Florida’s passage of a homeowners’ claims bill of rights left few satisfied after lawmakers largely codified current law while avoiding controversial issues such as the practice of policyholders assigning their claims payments to contractors.
The bill of rights was a priority of the state’s Chief Financial Officer Jeff Atwater and was initially drafted by the state’s insurance consumer advocate’s office.
Atwater said the bill is needed given that about 350,000 homeowners file claims each year and his office receives 125,000 calls from policyholders either filing complaints or searching for answers about their claims.
“This much-needed bill of rights will notify Florida homeowners of their rights and responsibilities when filing an insurance claim and give them confidence that they will be treated fairly during a stressful situation involving their home,” stated Atwater.
The 12-point bill of rights is meant to inform homeowners of timelines such as one requiring insurance companies to acknowledge a claim within 14 days of being filed. Additionally, insurers must within 30 days of receiving a proof-of-loss statement, confirm a claim is covered, partially covered or denied. Within 90 days, insurers must either pay the claim in full or in part or deny the claim.
The bill of rights also advises policyholders what they need to do in case they have property damage, including that they should contact their insurer before hiring a contractor.
Insurance Consumer Advocate Steve Burgess said the purpose is to inform policyholders about the claim and repair process in plain language, thereby giving them more control and making them less at the mercy of insurers and contractors.
“Not everybody will use it but a large group will be more empowered and less intimidated,” said Burgess.
While Atwater and his allies have been declaring victory, some who participated in crafting the bill walked away disappointed in an outcome that created no new legal rights for homeowners or insurers.
What seemed at first a rather non-controversial piece of legislation turned into a heated debate over a so-called “assignment of benefits” provision.
Under this provision, homeowners can sign over their financial rights to be paid for a claim so that instead the payments are made directly to a contractor making repairs instead of to the homeowner.

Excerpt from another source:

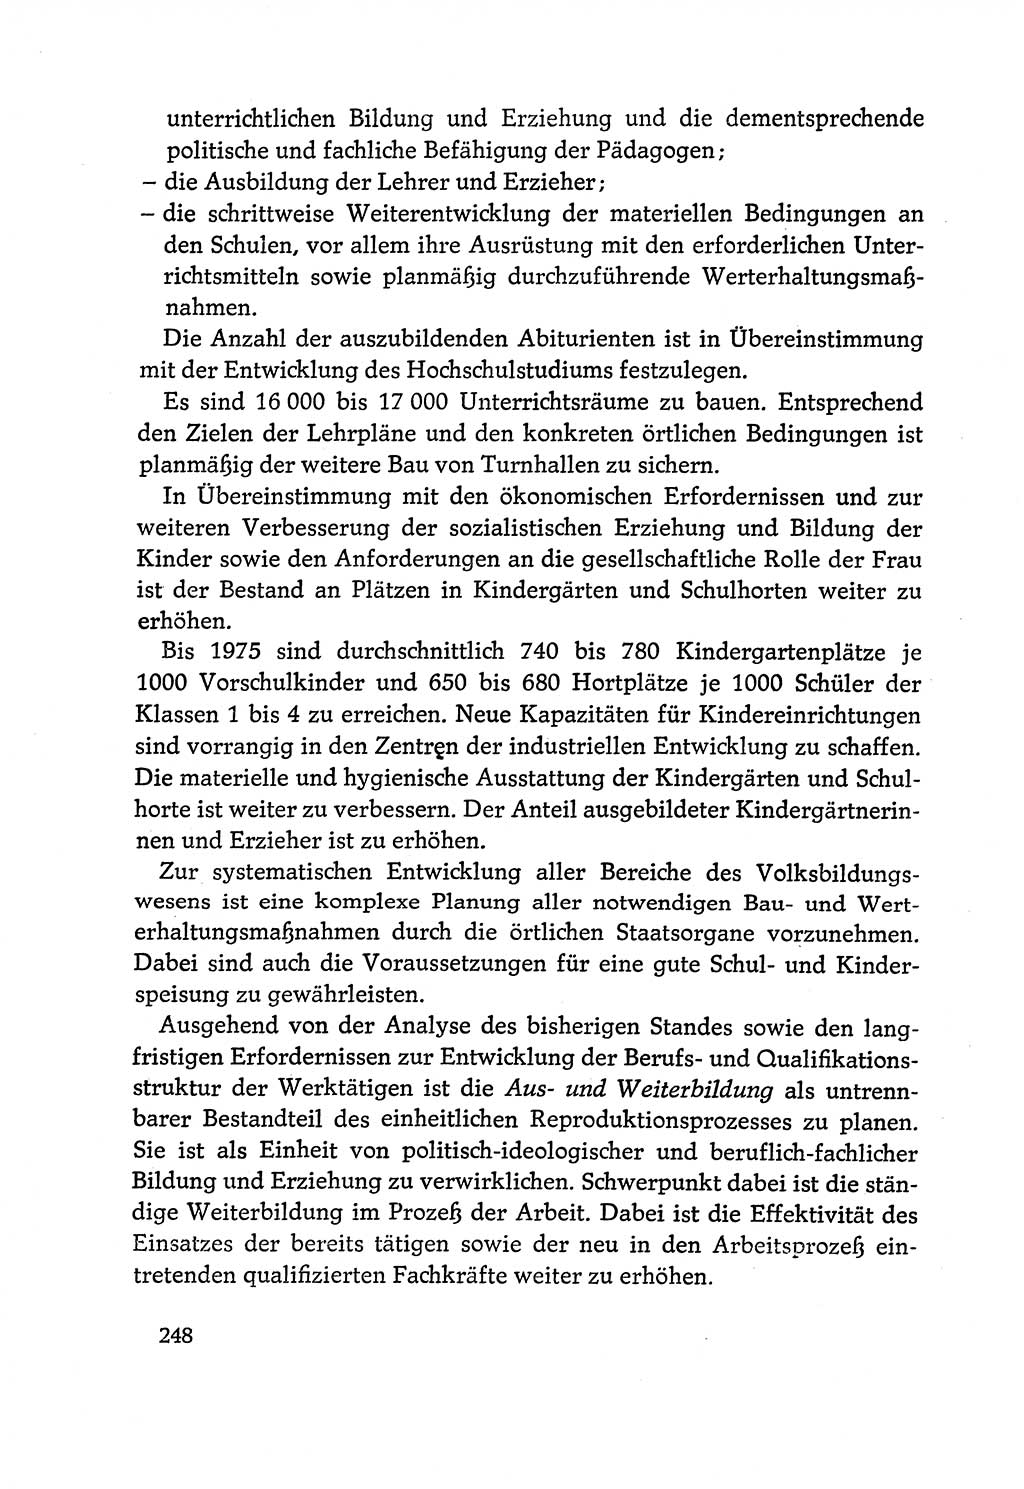 Dokumente der Sozialistischen Einheitspartei Deutschlands (SED) [Deutsche Demokratische Republik (DDR)] 1970-1971, Seite 248 (Dok. SED DDR 1970-1971, S. 248)

The contractor also assumes the policyholder’s legal right to dispute a claim and file suit against an insurer. If the contractor prevails in court, in addition to the insurer having to pay the claim, it must also pay the contractor’s legal bills.
From insurers’ point of view, this has created a cottage industry where trial lawyers and contractors work to maximize the monies they can receive from insurers regardless of the real cost of the claim.
Personal Insurance Federation of Florida Executive Director Michael Carlson said that is a major reason his association supported doing away with the assignment of benefits.
“What we are seeing under assigned benefits is unscrupulous contractors who tell homeowners that in order to get repairs they have to sign a form signing away their rights,” said Carlson. “Then the vendor will inflate the claims costs then tell the insurer you owe us this much or we will sue you.”
Carlson said that in addition to increasing claims costs and unnecessary litigation, the assignment of benefits practice keeps consumers in the dark about their own claims. For example, he said, policyholders have had lawsuits filed on their behalf without their knowledge.
Given the circumstances, Carlson said that the assignment of benefits provision should be limited to allowing a contractor to be paid by the insurer for the work agreed to under a covered claim. “This gives the consumer the ability to say to the insurer, here is the insured loss, here is the work they have done, now you can pay them,” said Carlson.
Even some contractors favored assignment of benefits reform.
Florida Roofers, Sheet Metal and Air Condition Contractors Association Legislative Counsel Cam Fentriss said that unlike many other contractors, the FRSA supports some changes in the assignment of benefits.
“We just think it is over-reaching, after all it is the property owner that has contracted with the insurer not us,” said Fentriss.
Fentriss said that the FRSA would rather make the property owner and contractor co-payees so that the two parties would have to negotiate a price before a claim check is cashed.
Disagreements over the assignment of benefits provision threatened to undermine the whole bill. As a result, lawmakers instead approved a bill that did little to reform the law.
“It is much harder to change things than maintain the status quo,” said Fentriss.
Florida Association of Insurance Reform Executive Director Jay Neal is among those who are disappointed.
“We found the process to be superficial at best,” said Neal. “To call something a bill of rights should be comprehensive and it is not.”
“The question is whether or not we get another bite of the apple,” said Neal.
Burgess acknowledged that this year’s effort to achieve a “bill of rights” was tougher than he expected. But, he said, he is not giving up.
“I believe we will get another chance next year,” said Burgess about the assignment of benefits. “What I intend to do is to build a better case for it.”